- Official name: Nyilo
- Also called: Winter Solstice
- Observed by: Bhutan
- Type: National
- Significance: The return of sun
- Date: 11th month of the Bhutanese calendar
- Frequency: Annual

= Nyilo =

Winter Solstice in Bhutan

Nyilo (Dzongkha: ཉི་ལོག་; Wylie: nyi log; "return of the sun"; also known as Nyinlog) is a traditional new year of the Shar and Wang region of western Bhutan celebrated annually. It falls in the 11th month of the Bhutanese calendar, which corresponds to early January. The day literally means the return of the sun and is a day of celebrations welcoming longer days by the farmers to work in the fields. Nyilo last from three days to a week in the Wang Tsho Chhen Gey region.

The day is a public holiday and all the government offices and institutions remain closed. Nyilo is the shortest day of the year and the first day of winter in the Bhutanese calendar, which is based on Buddhist astrology. After Nyilo, the days get longer until the summer solstice.

Every year, a group of students from schools in Thimphu perform Lolay— traditional verses of good wishes in front of His Majesty The King and Her Majesty The Gyaltsuen at the Lingkana Palace to mark Nyilo. It has become a cherished tradition for Their Majesties to welcome children reciting Lolay to Lingkana Palace to celebrate Nyilo each year.

== History ==
The Nyilo celebration is believed to be originated from Wang, the present day Thimphu. One folklore states that, on the day of Nyilo, the sun returns from the south after paying respect to Shinje, one of the Deities of Ten Directions. The majority of Nyilo celebrations are based on Bonism, a religion with origins in animism and old shamanic practices.

== Significance ==
Nyilo is regarded as the most auspicious day of the year for the people of Bhutan. They believe that on Nyilo, past misdeeds may be forgiven and good deeds will multiply. Therefore, all the people are discouraged from taking part in negative activities.

== Practice ==
Nyilo is usually celebrated for a day though people of Wang region celebrate from three days to a week. The celebration starts from Nyilo Eve. On the eve of Nyilo, children and adults gather into smaller groups and go around their village from house to house singing the Lolay song. As they chants traditional words of prayers to bring good fortune to their locality in the new year, the head of family offer gifts in return.

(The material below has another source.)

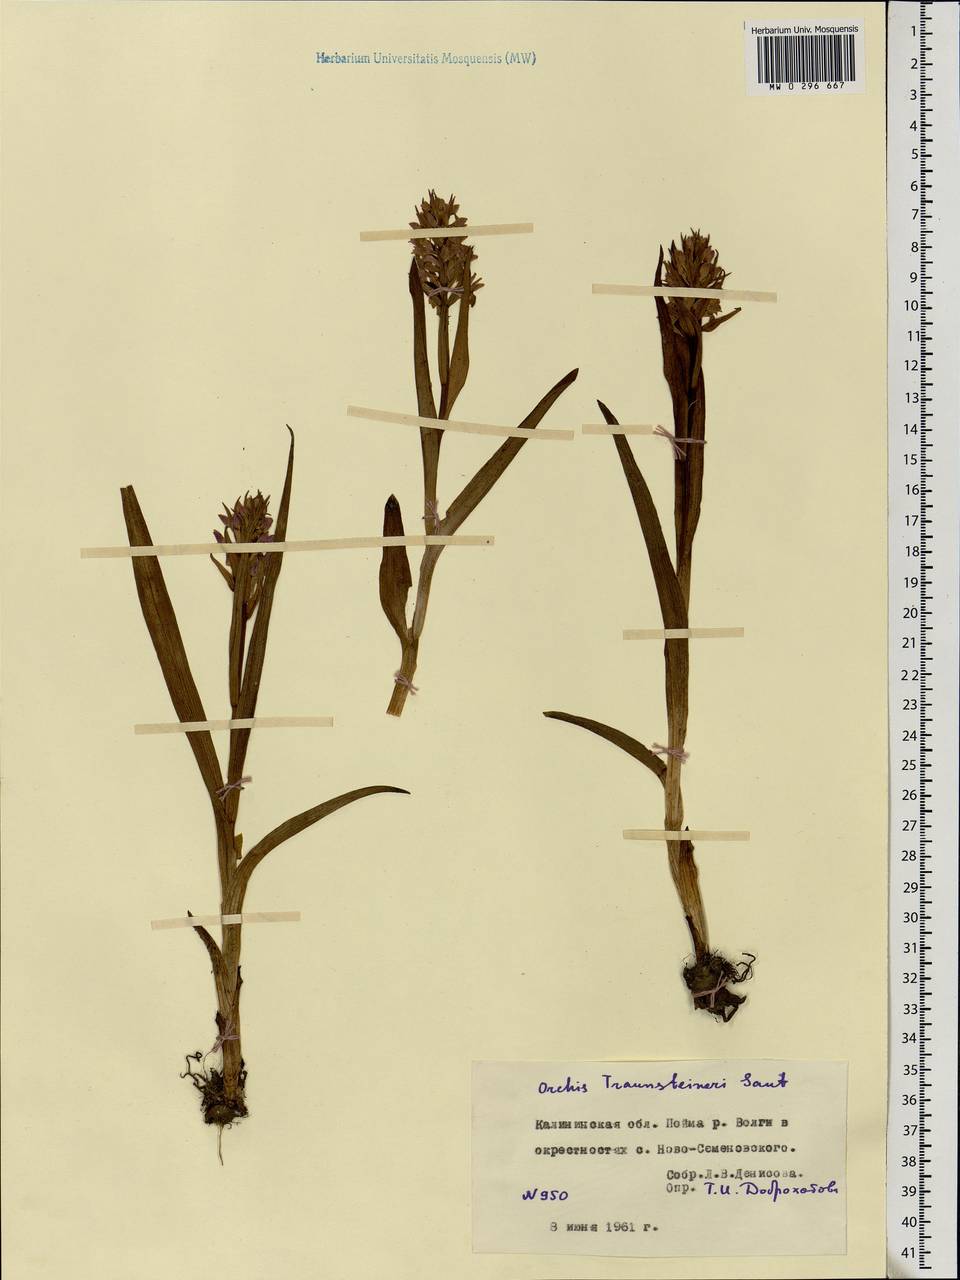 Dactylorhiza majalis subsp. lapponica (Laest. ex Hartm.) H.Sund., Восточная Европа, Северо-Западный район (E2) (Россия)

Traditional Lolay Recitation in the local dialect:
"Oka Nor Gi Gang Chuu—Lolay, Lolay!

Barkheb Ju Gi Gang Chuu—Lolay, Lolay!

Tengtho Mi Gi Gang Chuu—Lolay, Lolay!

Chimtho Dar Gi Gang Chuu—Lolay, Lolay!"

In English, the verse translates roughly to:
"May the ground floor be filled with cattle—good year!

And middle floor be filled with wealth—good year!

May the top floor be filled with people—good year!

And the rooftop be filled with flags—good year!"

Next day, the children gather together and use whatever they have collected for a party. Usually the children spend the day out in the wild in a selected spot having a sumptuous party.
For the villagers, Nyilo is a break between their hectic farming schedule. The celebration begins with hot tea and porridge, along with an array of home-made delicacies. The men usually engage in an inter-village archery match called Choda, which goes on for three to four days, degor and khuru matches.

However, the tradition of Lolay singing is at the verge of disappearance. Over time, many individuals have become unprepared for this custom. While many people are not taking interest in the celebrations, some disregard such traditions. Therefore, Zhung Dratshang, in collaboration with the De-suung Nangchoe Programme, conducts orientation and training program among the young children to promote the tradition of Lolay recitation.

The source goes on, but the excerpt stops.